EXPLANATORY NOTE
This Registration Statement on Form S-8 (the “Registration Statement”) is filed by Emergent BioSolutions Inc. (the “Company”) for the purpose of registering additional shares of its common stock, par value $0.001 per share (the “Common Stock”), under the Emergent BioSolutions Inc. Amended and Restated Stock Incentive Plan (the “Incentive Plan”) and the Emergent BioSolutions Inc. Amended Employee Stock Purchase Plan (the “ESPP”).
This Registration Statement registers the offer and sale of (a) 3,675,000 additional shares of Common Stock that are available for issuance under the Incentive Plan, as approved by the board of directors of the Company (the “Board”) and the Company’s stockholders, and (b) 2,000,000 additional shares of Common Stock that are available for issuance under the ESPP as a result of an amendment thereto, which was adopted by the Board and approved by the Company’s stockholders.
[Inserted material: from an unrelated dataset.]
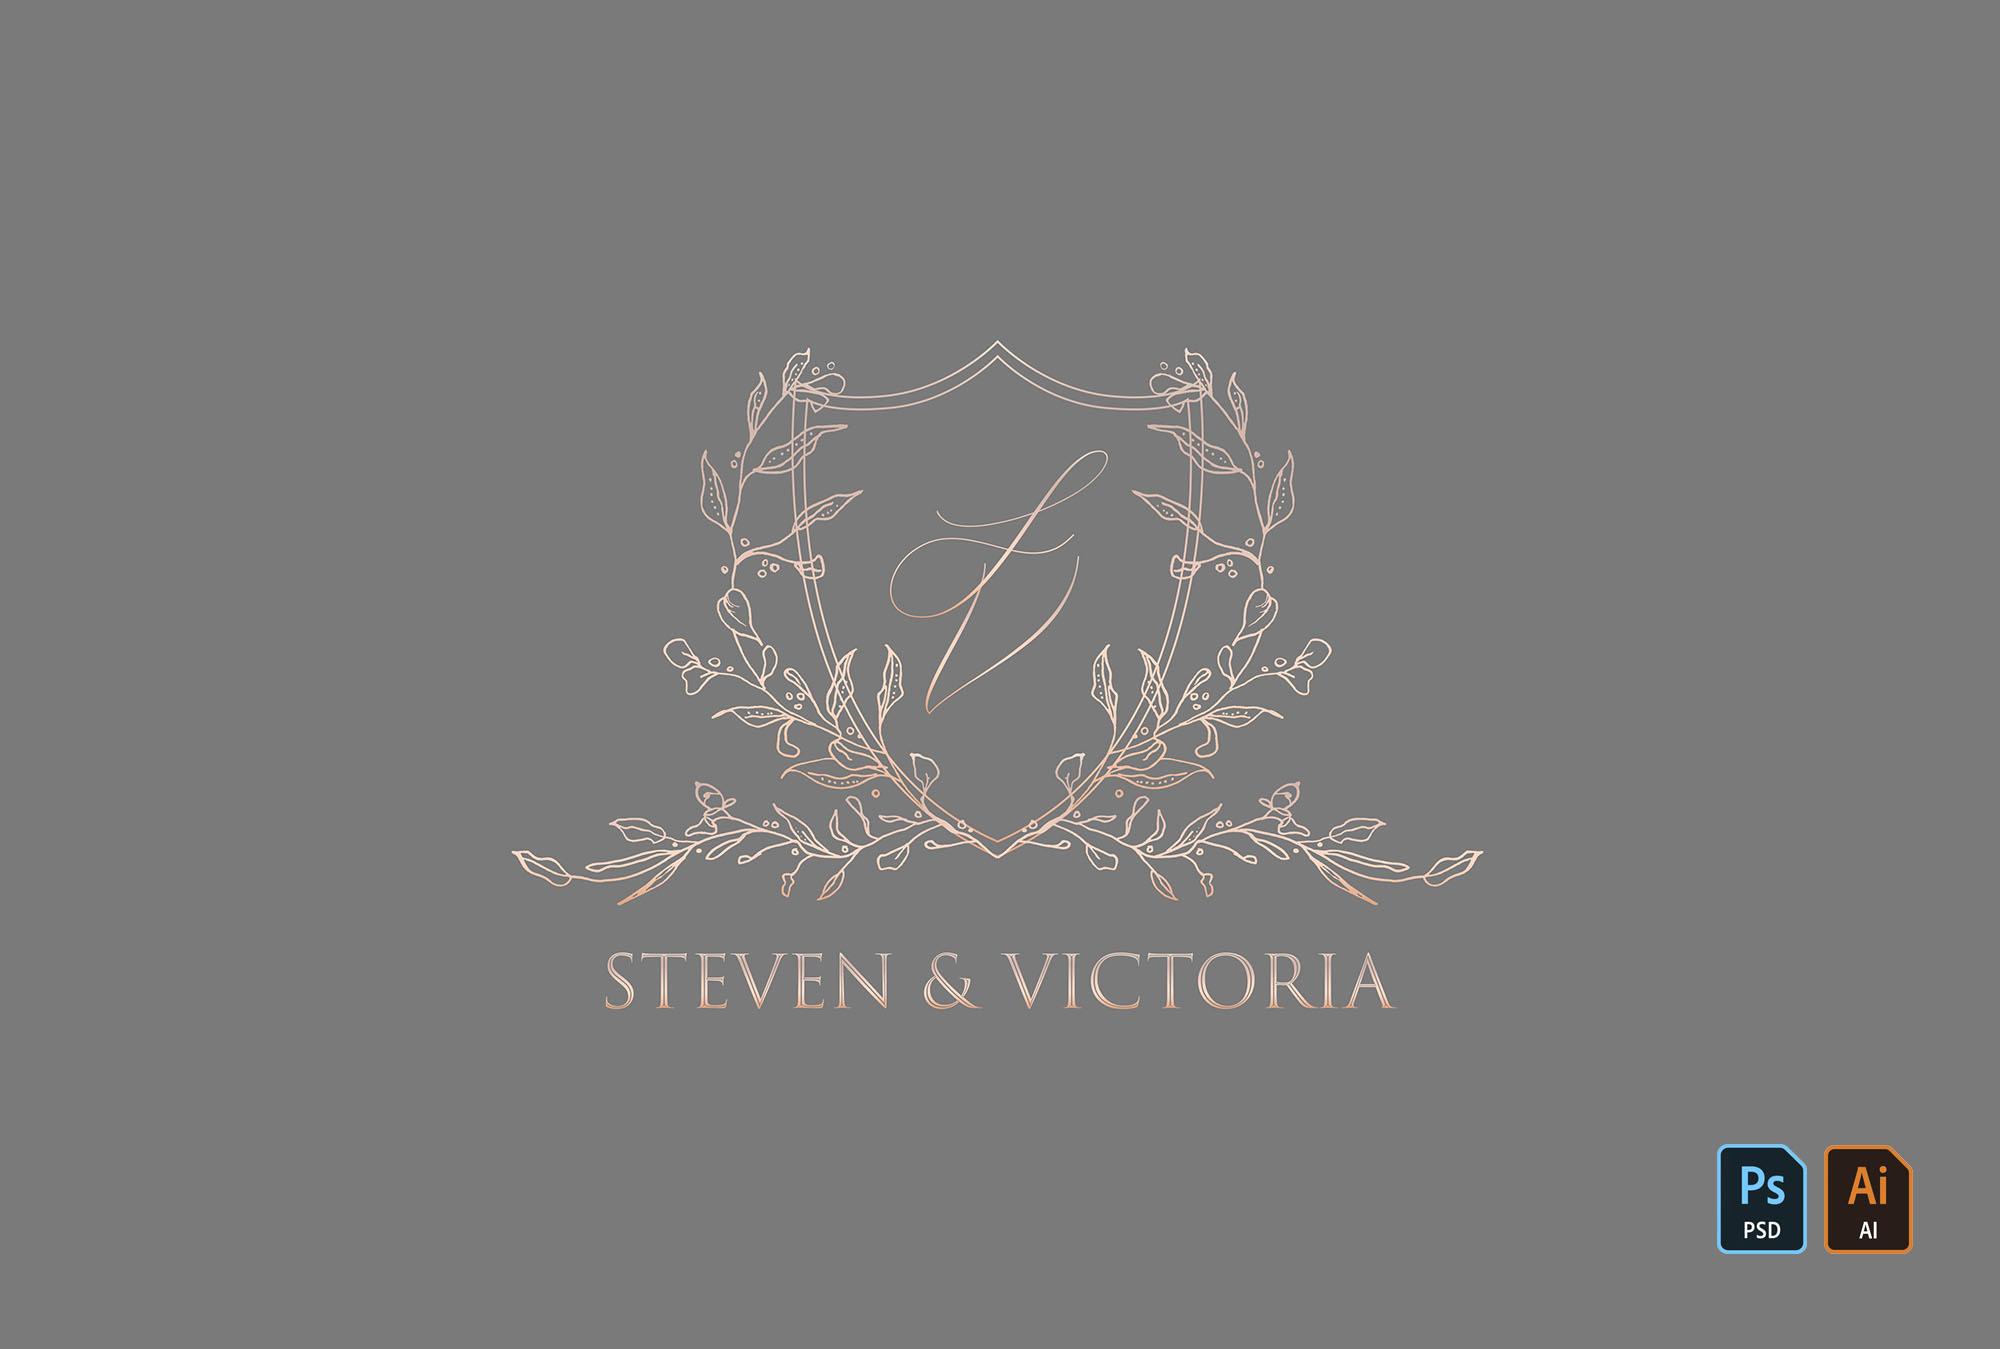 Royal Wedding Logo example image 2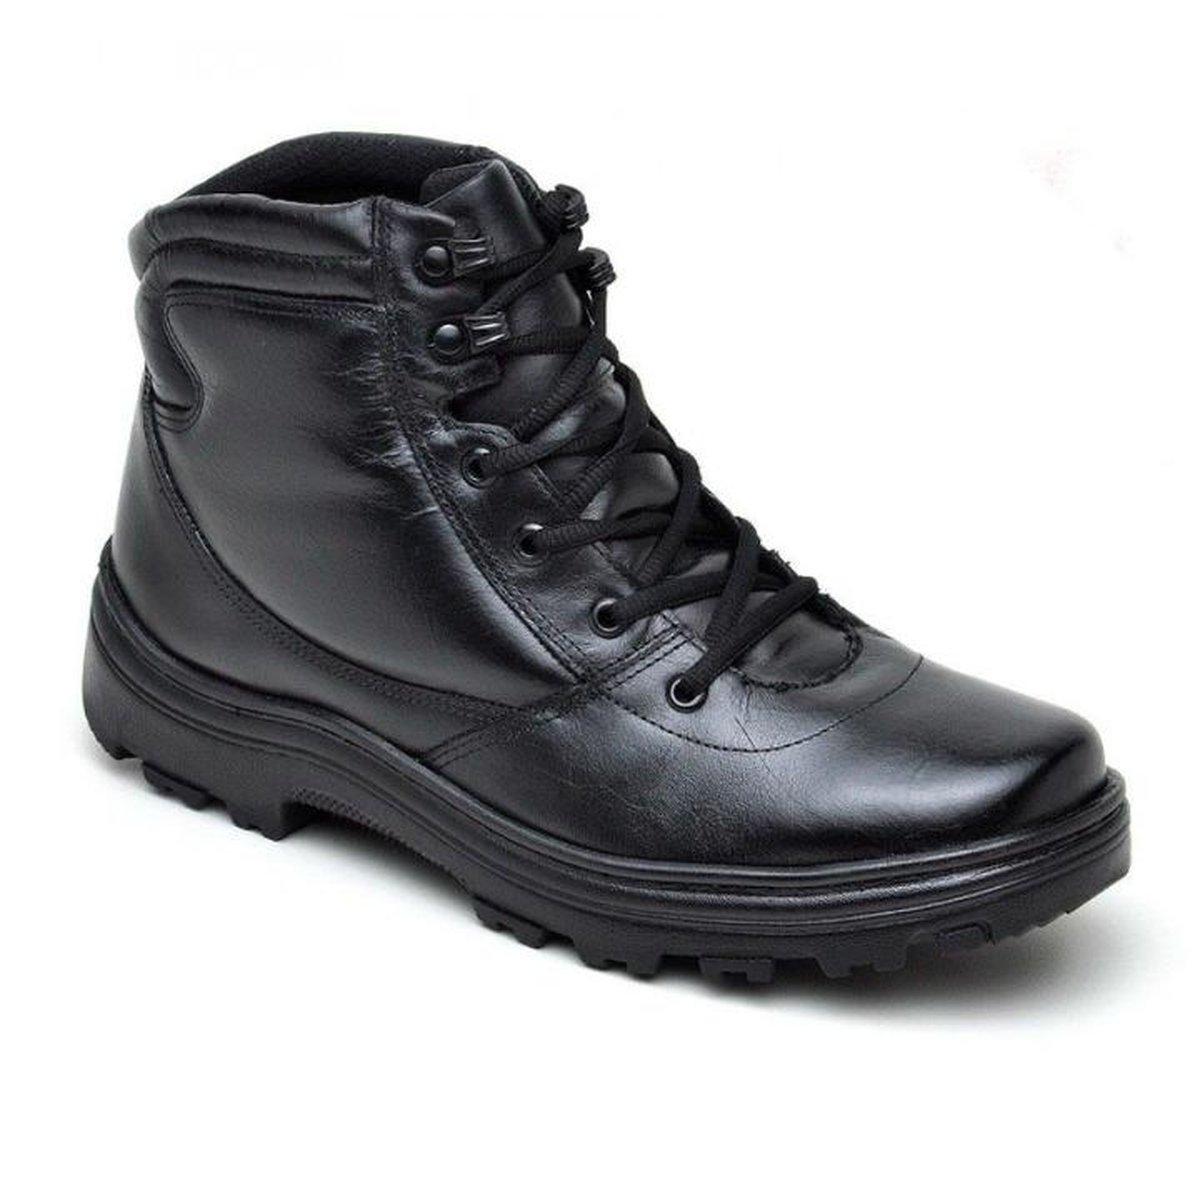 62679effacd Botas Atron Shoes com os melhores preços

Of the 29,108,561 shares of Common Stock currently authorized by the Incentive Plan, in addition to the shares, the offer and sale of which is being registered hereby, the Company has previously registered the offer and sale of: (a) 4,783,561 shares of Common Stock pursuant to the Company’s Registration Statement on Form S-8 filed on December 8, 2006 (Commission File No. 333-139190), (b) 3,900,000 shares of Common Stock pursuant to the Company’s Registration Statement on Form S-8 filed on August 7, 2009 (Commission File No. 333-161154), (c) 2,500,000 shares of Common Stock pursuant to the Company’s Registration Statement on Form S-8 filed on November 1, 2012 (Commission File No. 333-184699), (d) 4,000,000 shares of Common Stock pursuant to the Company’s Registration Statement on Form S-8 filed on May 23, 2014 (Commission File No. 333-196232), (e) 3,750,000 shares of Common Stock pursuant to the Company’s Registration Statement on Form S-8 filed on February 27, 2017 (Commission File No. 333-216294), (f) 3,000,000 shares of Common Stock pursuant to the Company’s Registration Statement on Form S-8 filed on May 30, 2018 (Commission File No. 333-225283), and (g) 3,500,000 shares of Common Stock pursuant to the Company’s Registration Statement on Form S-8 filed on June 4, 2021 (Commission File No. 333-256798) (collectively, the “Original Incentive Plan Registration Statements”).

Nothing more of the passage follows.